▶ **Information provided**:

######

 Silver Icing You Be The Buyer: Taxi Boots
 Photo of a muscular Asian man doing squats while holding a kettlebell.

######

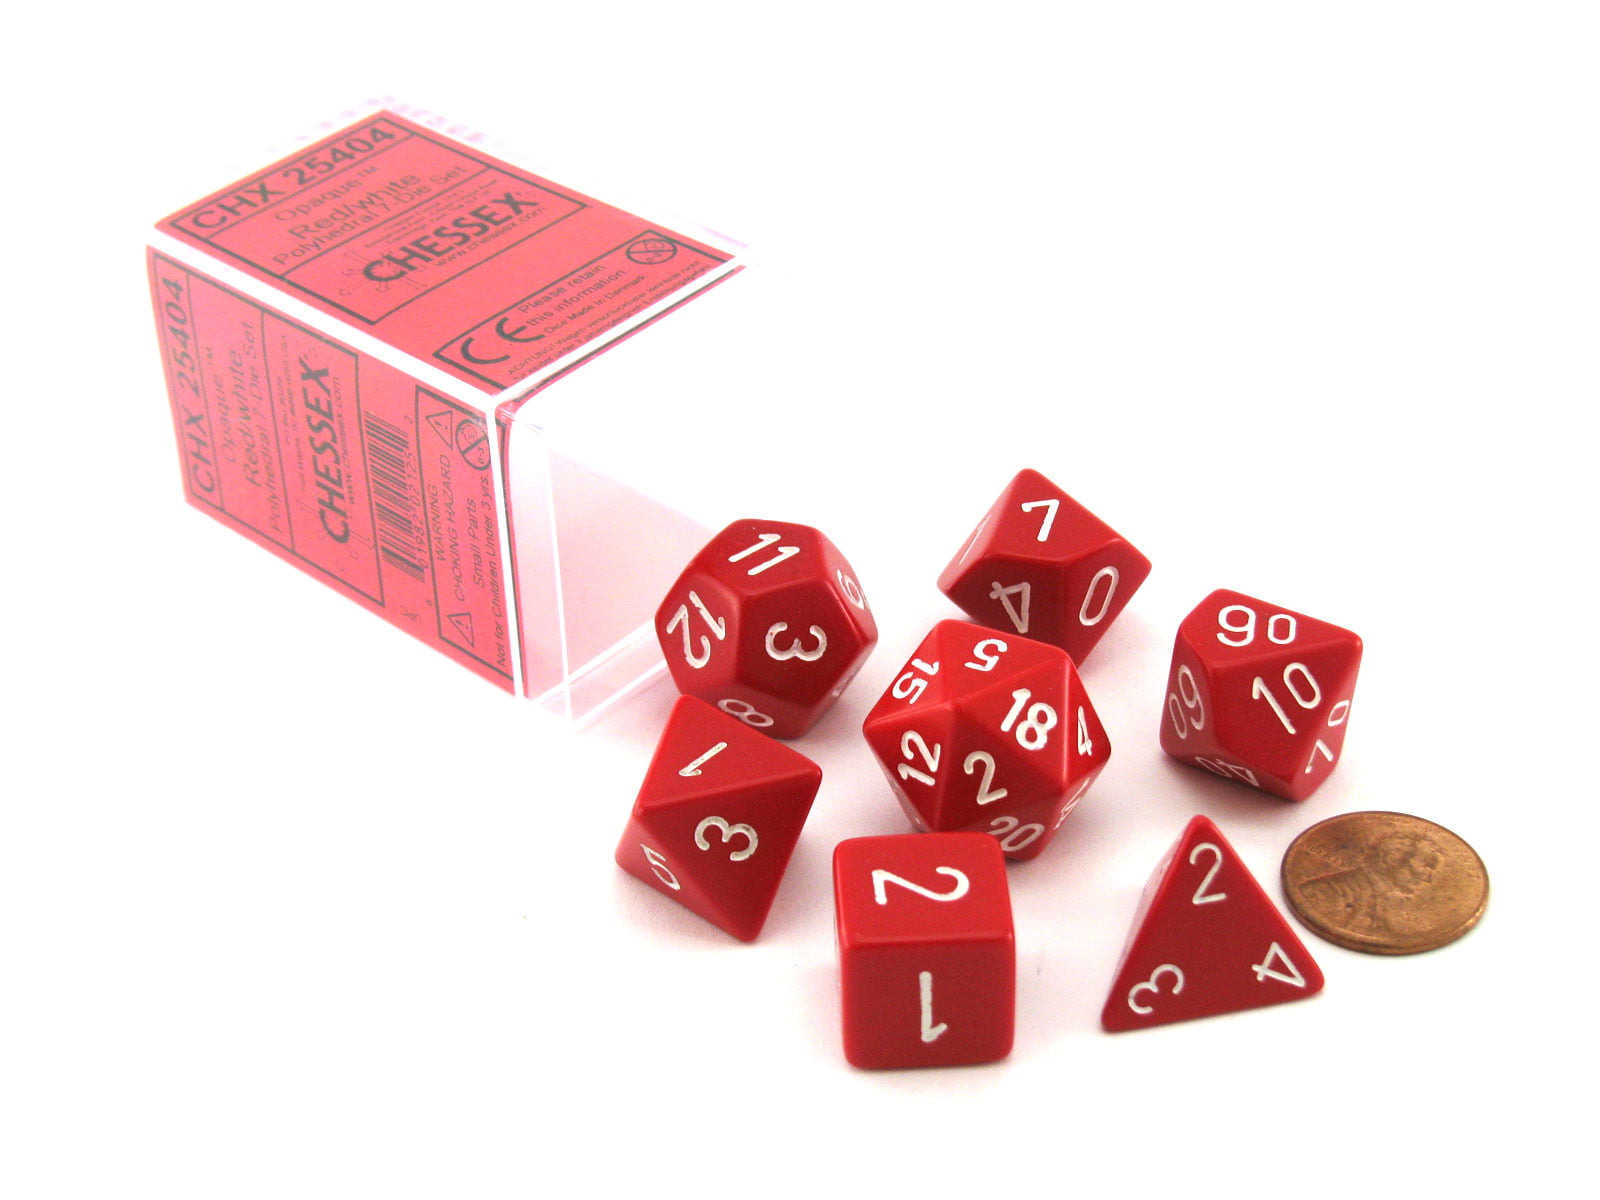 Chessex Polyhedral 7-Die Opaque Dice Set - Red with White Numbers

######

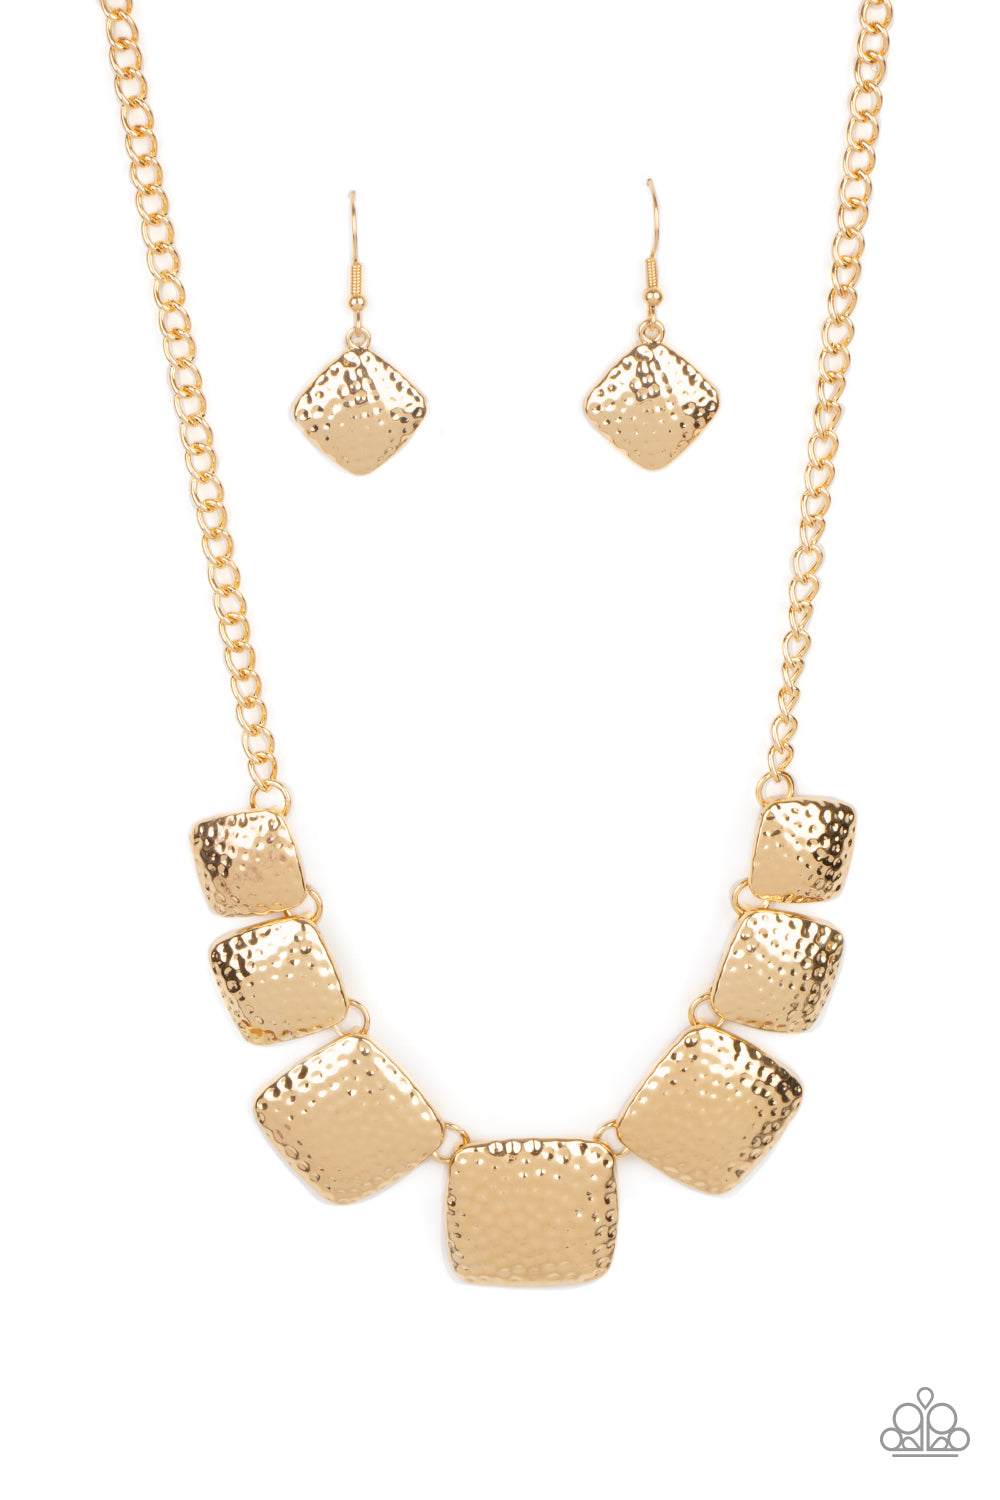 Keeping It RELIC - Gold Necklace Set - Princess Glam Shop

######

▶ **Exercise**:
Of the lines above, extract only those from the line with "Silver Icing You Be The Buyer: Taxi Boots" to the line with "Photo of a muscular", both included, exactly as written.

▶ **Your response**:
 Silver Icing You Be The Buyer: Taxi Boots
 Photo of a muscular Asian man doing squats while holding a kettlebell.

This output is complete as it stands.